Variable Selection and Updating In Model-Based Discriminant Analysis for High Dimensional Data with Food Authenticity Applications
by Murphy, Dean, and Raftery
Classifying or clustering (or semi supervised learning) spectra is a very challenging problem from collecting statistical-analysis-ready data to reducing the dimensionality without sacrificing complex information in each spectrum. Not only how to estimate spiky (not differentiable) curves via statistically well defined procedures of estimating equations but also how to transform data that match the regularity conditions in statistics is challenging.
Another reason that astrophysics spectroscopic data classification and clustering is more difficult is that observed lines, and their intensities and FWHMs on top of continuum are related to atomic database and latent variables/hyper parameters (distance, rotation, absorption, column density, temperature, metalicity, types, system properties, etc).
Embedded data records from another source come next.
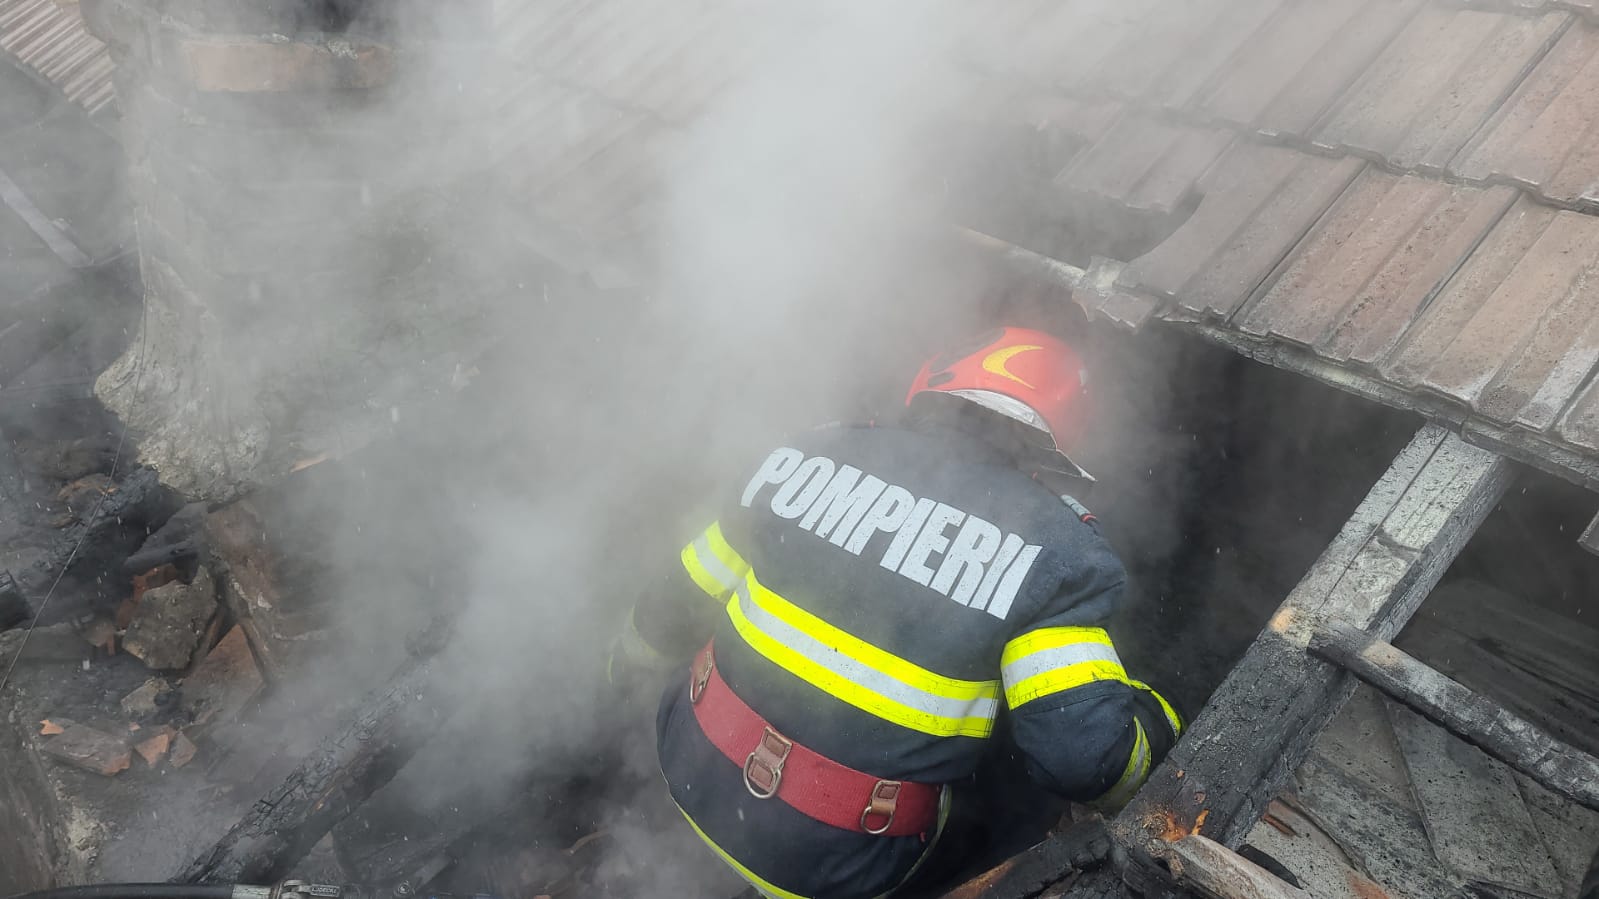 Incendiu la acoperișul unei anexe gospodărești din Târnava. Focul s-a extins la casa vecină
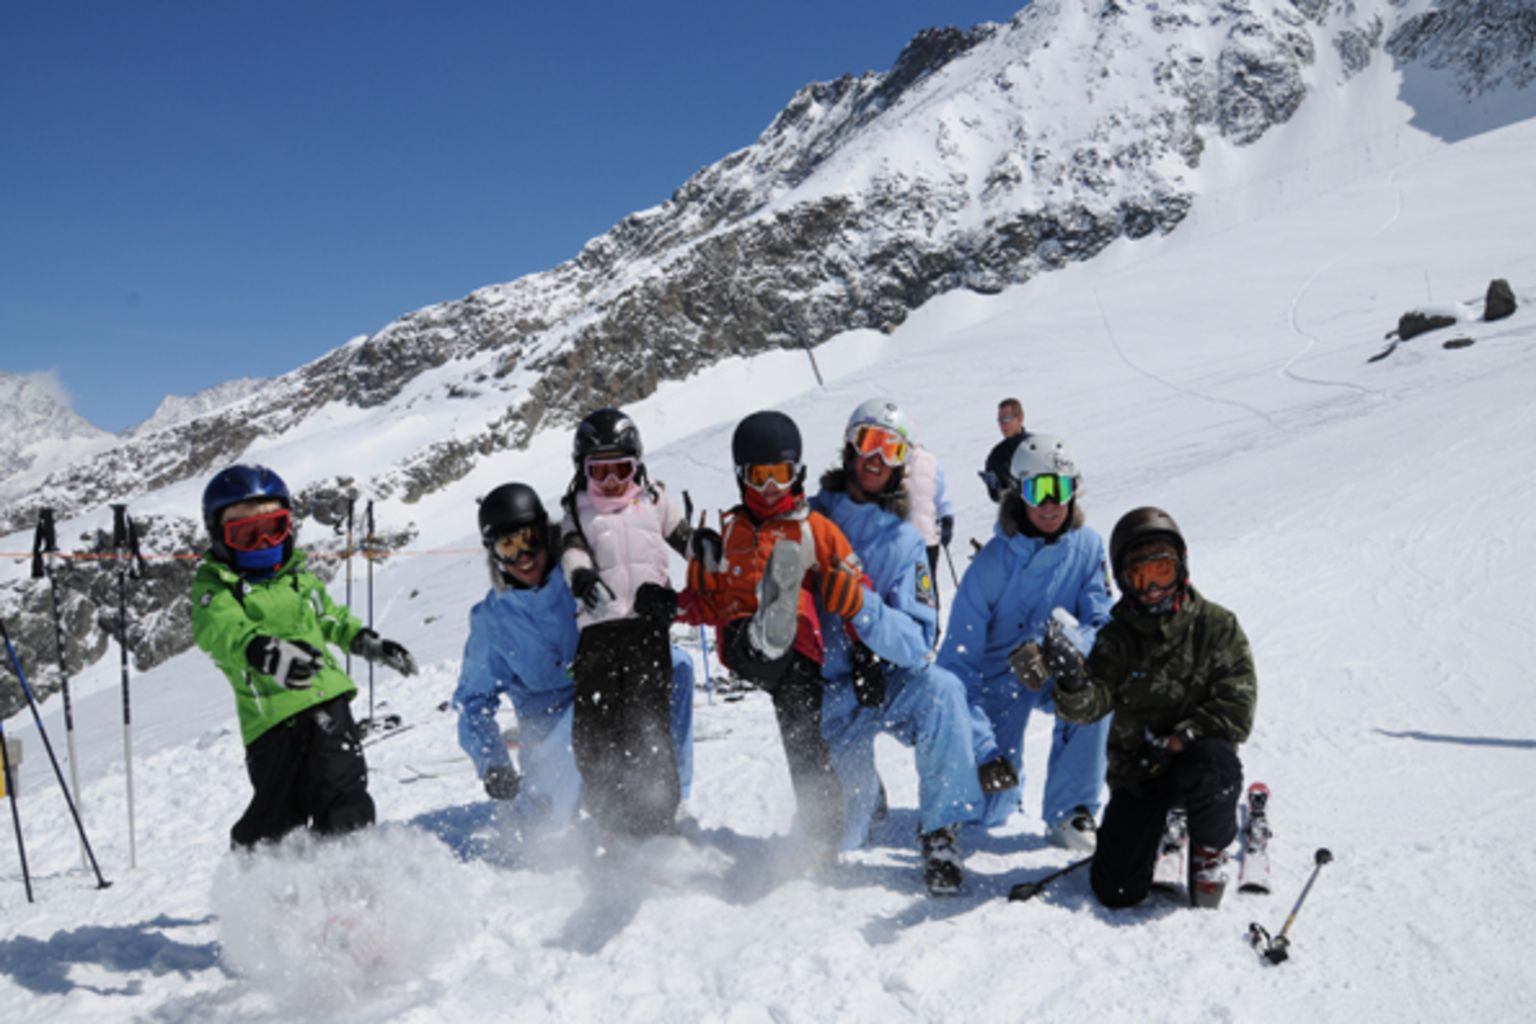 ESKIMOS n’est pas une école de ski et snowboard traditionnelle, mais un univers plein de possibilités créatives pour les vacanciers afin de passer des moments magiques à Saas-Fee, Valais
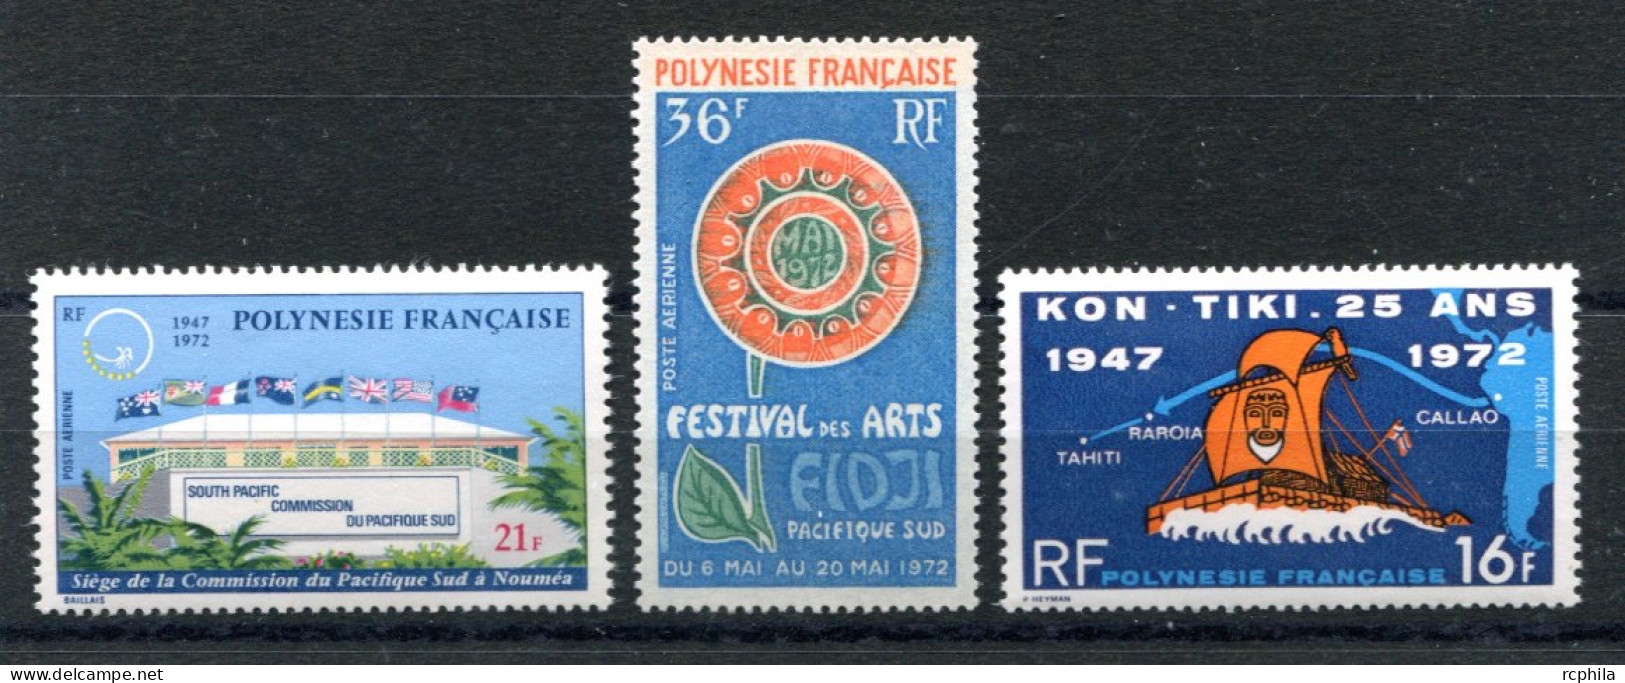 RC 25821 POLYNÉSIE COTE 44€ PA N° 62 / 64 COMMISSION ET ARTS DU PACIFIQUE SUD KON-TIKI NEUF ** MNH TB - Unused Stamps

Frequently it becomes very challenging mixture problem to separate lines and to separate lines from continuum (boundary and identifiability issues). These complexity only appears in astronomy spectroscopic data because we only get indirect or uncontrolled data ruled by physics, as opposed to the the meat species spectra in the paper. These spectroscopic data outside astronomy are rather smooth, observed in controlled wavelength range, and no worries for correcting recession/radial velocity/red shift/extinction/lensing/etc.
Although the most relevant part to astronomers, i.e. spectroscopic data processing is not discussed in this paper, the most important part, statistical learning application to complex curves, spectral data, is well described. Some astronomers with appropriate data would like to try the variable selection strategy and to check out the classification methods in statistics. If it works out, it might save space for storing spectral data and time to collect high resolution spectra. Please, keep in mind that it is not necessary to use the same variable selection strategy. Astronomers can create better working versions for classification and clustering purpose, like Hardness Ratios, often used to reduce the dimensionality of spectral data since low total count spectra are not informative in the full energy (wavelength) range. Curse of dimensionality!.